Since then, some college stars have signed lucrative deals. The mother of Armando Bacot, a UNC-Chapel Hill basketball star (and business major), told Sports Illustrated last year that her son was set to earn more than $500,000 in 2022.

Drake Maye might have turned down a lot more than that.

At a press conference in December, UNC football coach Mack Brown said that Maye “was offered a lot of money to go” to another program, which is against NCAA rules; University of Pittsburgh coach Pat Narduzzi then said that two schools offered Maye $5 million, presumably in endorsement deals, to transfer. Narduzzi was complaining on a talk radio show about new rules that allow players to transfer every year.

“We’re the mini-NFL,” Brown recently told Sports Illustrated. “That’s where we are headed. We will never see amateurism again. It’s gone. I hate it.”

With all this money flowing to star players, college sports fans might have assumed that compensation for college athletes was a settled issue.

Far from it. The biggest, thorniest, most polarizing matter lies ahead.

The marketing and advertising deals available to college athletes don’t include compensation from the universities themselves. The next evolutionary step is becoming more and more likely: treating college athletes as employees— and compensating them accordingly.

In December, the Los Angeles region of the National Labor Relations Board (NLRB) found merit in an unfair labor practice charge filed on behalf of University of Southern California football and basketball players seeking recognition as university employees.

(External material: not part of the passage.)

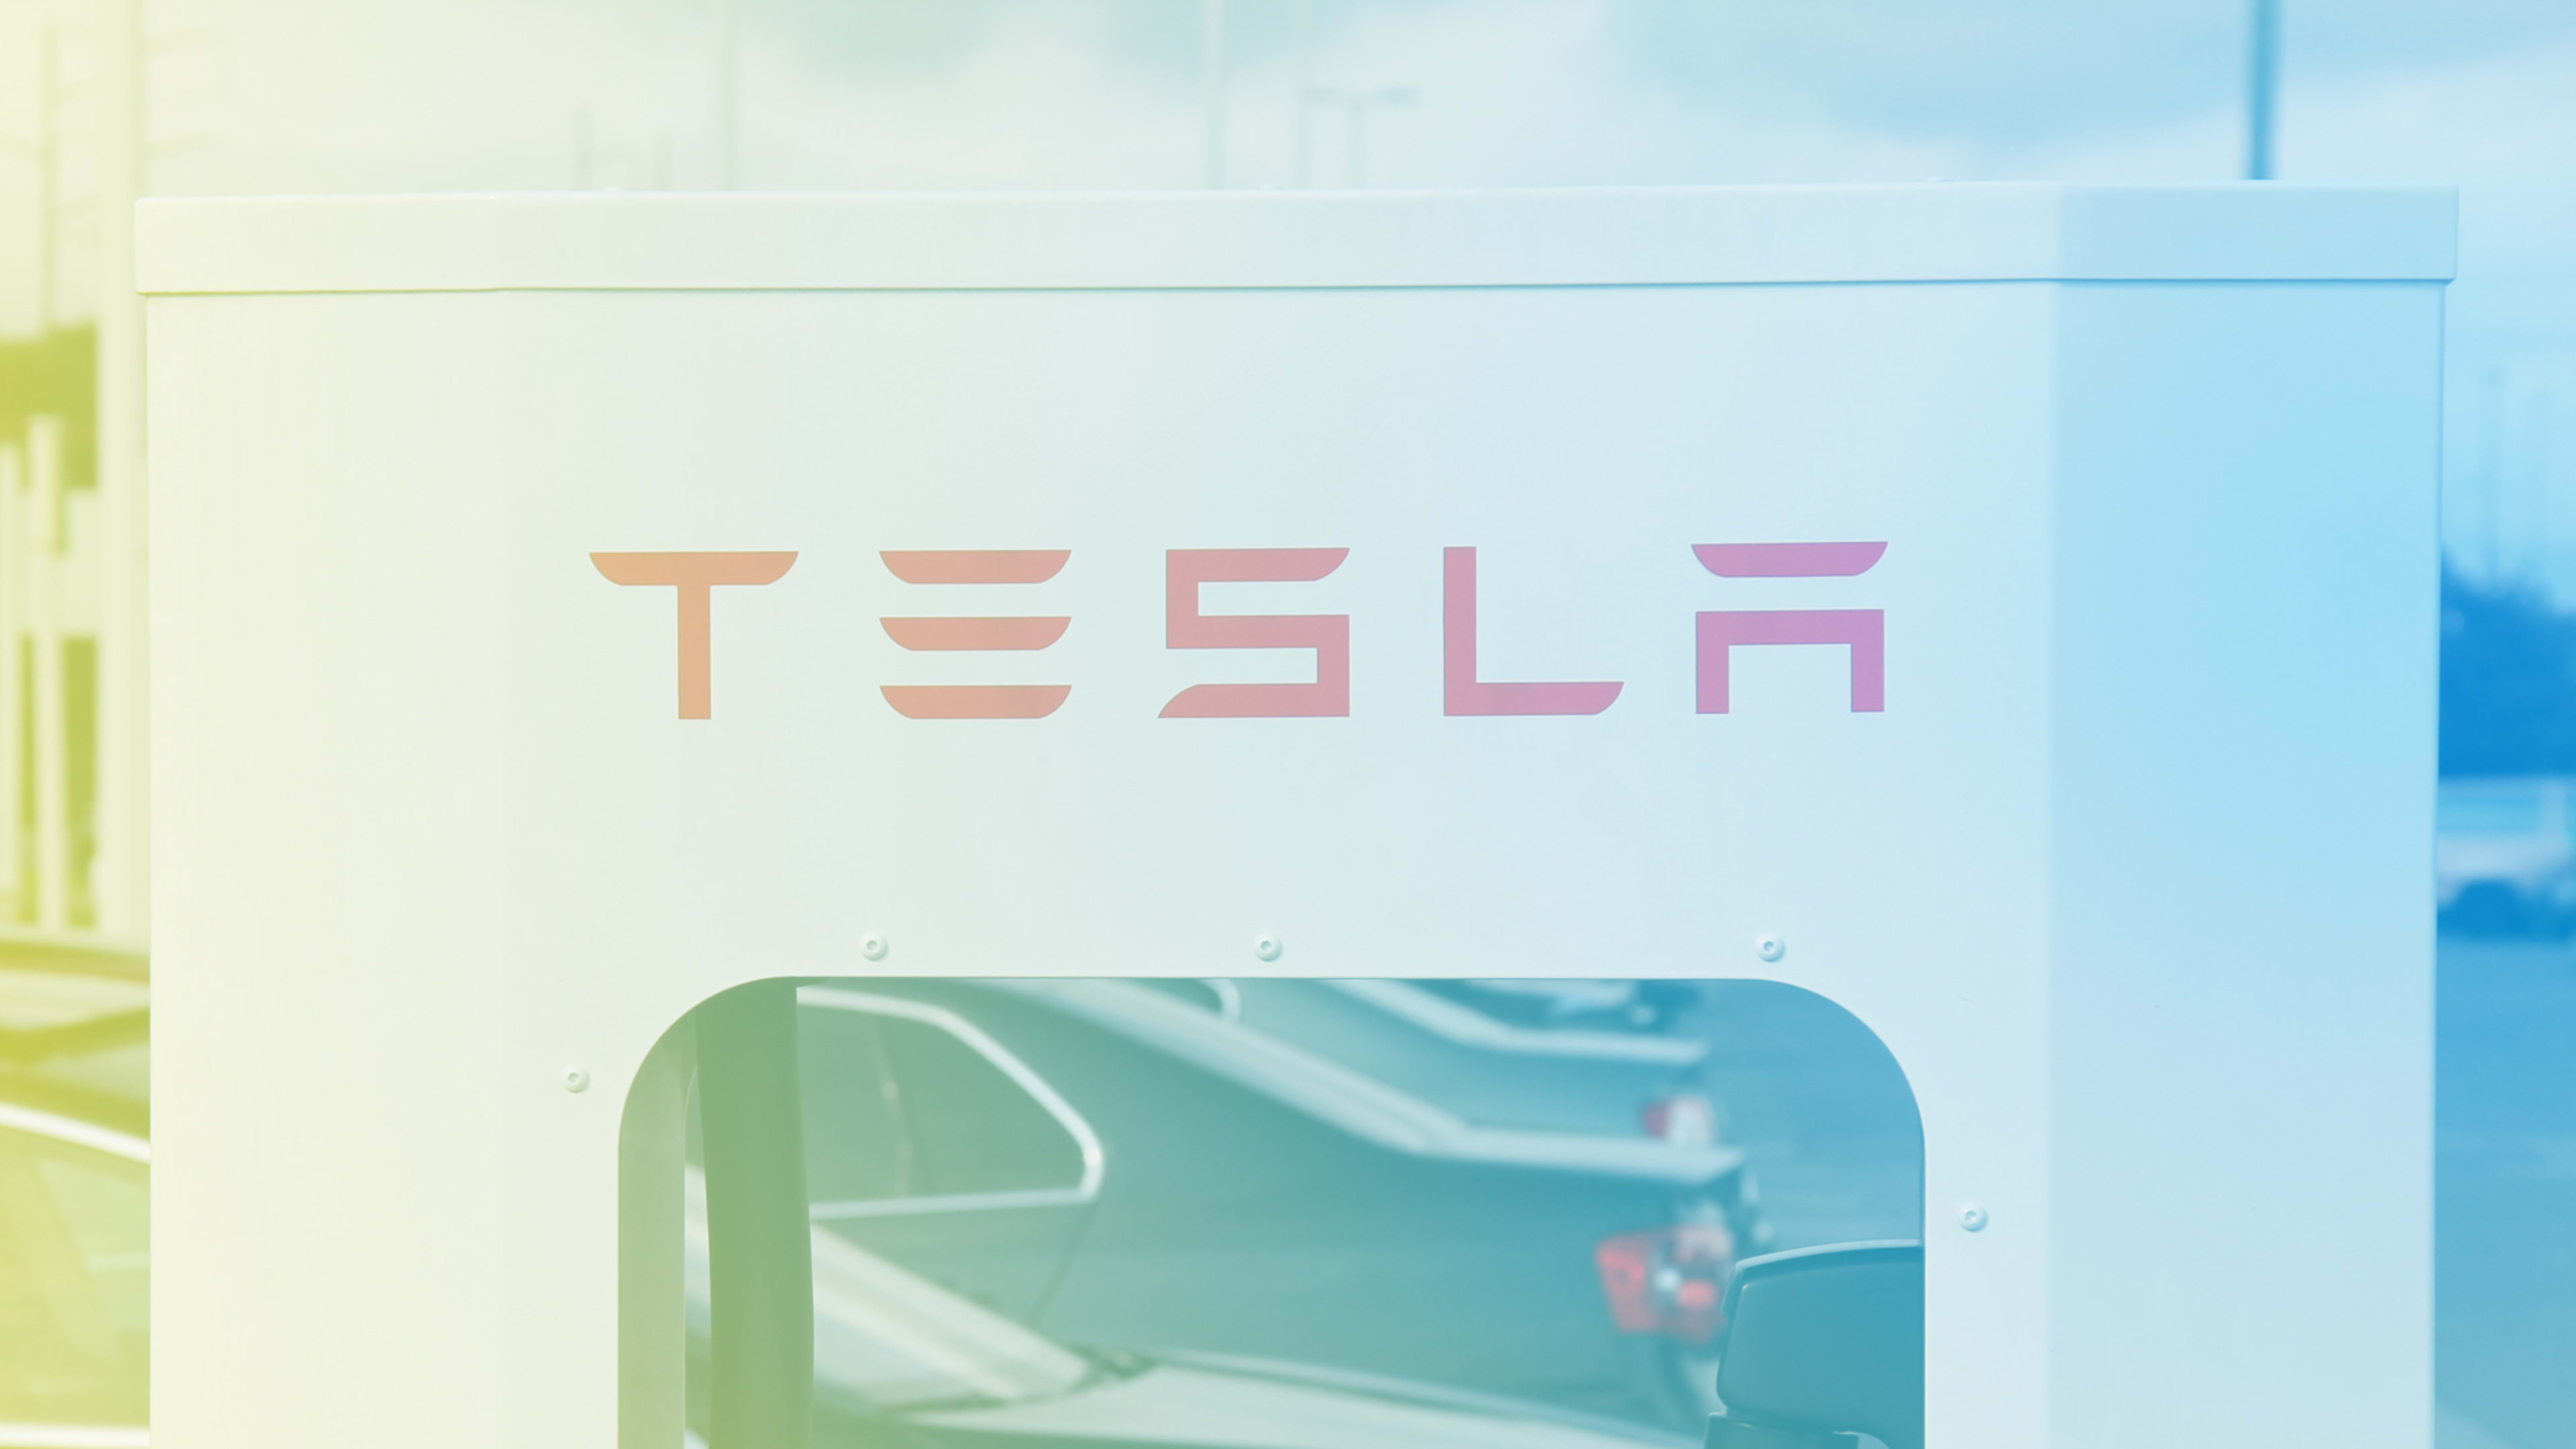 Tesla is suing a former employee for leaking confidential data

The NLRB said the university, the Pac-12 Conference, and the NCAA had “misclassified scholarship basketball and football players as mere ‘student athletes’ rather than employees entitled to protections under the law.” The issue will be heard by a federal administrative law judge and ultimately could be appealed in federal court.

The NLRB’s Chicago office previously found that Northwestern University football players spent 1,750 hours a year on football, or an average of 36 hours a week. They spent 50 to 60 hours a week during the August preseason; 40 to 50 hours during the season; and 12 to 25 hours in the spring.

In that case, the Chicago office said the Northwestern players should be considered employees, but the full NLRB declined in 2015 to assert jurisdiction.

Some analysts believe the full NLRB will decide to hear the Southern Cal case. The NLRB only has jurisdiction over private employers—including private universities such as Southern Cal—but if the players win, the NCAA would be forced to address the issue for public universities also.

Jay Bilas, the ESPN analyst, lawyer, and former Duke University basketball player, is unequivocal that college athletes should be paid as employees.

“Right now, [college] athletes fit every criteria you would have in an employee,” he said. “They’re under the dominion and control of the university. They’re told when to play and when not to. To me, it’s very clear.”